**Provided material**
---+---

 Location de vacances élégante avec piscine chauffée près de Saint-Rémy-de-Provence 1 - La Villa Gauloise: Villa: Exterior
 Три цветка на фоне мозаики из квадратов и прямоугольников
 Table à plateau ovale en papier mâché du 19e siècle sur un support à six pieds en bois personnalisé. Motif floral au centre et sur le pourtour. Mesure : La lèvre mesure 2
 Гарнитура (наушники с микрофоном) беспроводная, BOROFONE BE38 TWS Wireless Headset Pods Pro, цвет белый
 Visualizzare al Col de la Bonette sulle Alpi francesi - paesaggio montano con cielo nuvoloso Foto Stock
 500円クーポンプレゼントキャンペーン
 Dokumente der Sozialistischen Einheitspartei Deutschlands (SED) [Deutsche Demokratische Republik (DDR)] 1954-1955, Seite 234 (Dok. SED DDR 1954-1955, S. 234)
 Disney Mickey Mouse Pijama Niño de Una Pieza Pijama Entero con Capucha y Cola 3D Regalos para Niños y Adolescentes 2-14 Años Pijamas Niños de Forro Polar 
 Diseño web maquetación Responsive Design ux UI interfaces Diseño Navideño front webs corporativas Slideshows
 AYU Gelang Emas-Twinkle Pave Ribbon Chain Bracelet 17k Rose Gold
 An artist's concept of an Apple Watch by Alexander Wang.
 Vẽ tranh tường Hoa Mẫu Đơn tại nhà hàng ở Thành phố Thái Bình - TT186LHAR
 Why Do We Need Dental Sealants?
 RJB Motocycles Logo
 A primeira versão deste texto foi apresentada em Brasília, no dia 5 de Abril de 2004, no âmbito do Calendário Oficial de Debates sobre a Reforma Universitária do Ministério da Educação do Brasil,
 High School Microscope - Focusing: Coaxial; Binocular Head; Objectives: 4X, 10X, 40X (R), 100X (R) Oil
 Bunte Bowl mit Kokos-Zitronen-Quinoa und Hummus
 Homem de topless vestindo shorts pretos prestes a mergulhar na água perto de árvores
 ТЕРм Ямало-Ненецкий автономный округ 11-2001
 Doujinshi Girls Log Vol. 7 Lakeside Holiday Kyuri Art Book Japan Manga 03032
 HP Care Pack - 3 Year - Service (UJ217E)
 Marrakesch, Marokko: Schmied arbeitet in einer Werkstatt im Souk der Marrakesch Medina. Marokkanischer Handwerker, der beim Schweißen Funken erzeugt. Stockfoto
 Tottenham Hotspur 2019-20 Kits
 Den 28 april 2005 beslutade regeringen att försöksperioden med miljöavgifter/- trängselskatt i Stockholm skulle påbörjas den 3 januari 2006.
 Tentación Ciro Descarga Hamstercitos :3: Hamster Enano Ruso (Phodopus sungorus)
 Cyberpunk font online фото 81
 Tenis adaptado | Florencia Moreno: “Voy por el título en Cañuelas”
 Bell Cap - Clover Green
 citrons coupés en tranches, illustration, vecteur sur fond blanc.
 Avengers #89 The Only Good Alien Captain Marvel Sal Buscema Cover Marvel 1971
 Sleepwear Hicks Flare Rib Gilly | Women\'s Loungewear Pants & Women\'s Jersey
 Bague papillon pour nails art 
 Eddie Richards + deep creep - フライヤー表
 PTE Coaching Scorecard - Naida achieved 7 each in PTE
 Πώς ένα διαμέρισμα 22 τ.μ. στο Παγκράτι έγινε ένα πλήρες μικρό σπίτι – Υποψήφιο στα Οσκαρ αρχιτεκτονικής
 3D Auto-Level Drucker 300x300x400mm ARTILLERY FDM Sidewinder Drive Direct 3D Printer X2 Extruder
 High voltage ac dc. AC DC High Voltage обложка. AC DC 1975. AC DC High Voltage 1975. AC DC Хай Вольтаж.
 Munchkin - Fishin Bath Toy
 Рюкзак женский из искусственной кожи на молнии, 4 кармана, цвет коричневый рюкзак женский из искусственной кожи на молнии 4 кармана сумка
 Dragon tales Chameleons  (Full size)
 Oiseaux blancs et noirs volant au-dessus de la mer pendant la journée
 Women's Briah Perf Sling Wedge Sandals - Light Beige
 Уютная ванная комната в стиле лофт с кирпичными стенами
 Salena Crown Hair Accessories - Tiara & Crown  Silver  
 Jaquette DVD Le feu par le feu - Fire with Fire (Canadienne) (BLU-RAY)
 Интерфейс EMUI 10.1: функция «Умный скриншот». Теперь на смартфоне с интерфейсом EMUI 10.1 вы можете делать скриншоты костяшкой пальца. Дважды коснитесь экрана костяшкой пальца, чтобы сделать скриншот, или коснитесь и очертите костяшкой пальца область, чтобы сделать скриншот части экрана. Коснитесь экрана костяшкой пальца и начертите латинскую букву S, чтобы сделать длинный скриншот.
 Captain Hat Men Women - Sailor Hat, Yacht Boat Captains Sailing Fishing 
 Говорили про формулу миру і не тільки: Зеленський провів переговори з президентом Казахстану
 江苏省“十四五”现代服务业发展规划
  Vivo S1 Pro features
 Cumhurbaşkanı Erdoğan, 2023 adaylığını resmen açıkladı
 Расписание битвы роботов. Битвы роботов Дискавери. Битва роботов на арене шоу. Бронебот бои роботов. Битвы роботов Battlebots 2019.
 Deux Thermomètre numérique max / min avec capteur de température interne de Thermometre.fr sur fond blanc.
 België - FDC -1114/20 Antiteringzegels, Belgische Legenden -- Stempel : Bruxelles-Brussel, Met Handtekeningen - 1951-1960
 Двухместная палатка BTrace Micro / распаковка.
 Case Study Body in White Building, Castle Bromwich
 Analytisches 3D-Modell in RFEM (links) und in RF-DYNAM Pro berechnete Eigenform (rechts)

---+---

**Task to carry out**
For this exercise, gather every line of the data that contains the word "High".

**Completed exercise**
 High School Microscope - Focusing: Coaxial; Binocular Head; Objectives: 4X, 10X, 40X (R), 100X (R) Oil
 High voltage ac dc. AC DC High Voltage обложка. AC DC 1975. AC DC High Voltage 1975. AC DC Хай Вольтаж.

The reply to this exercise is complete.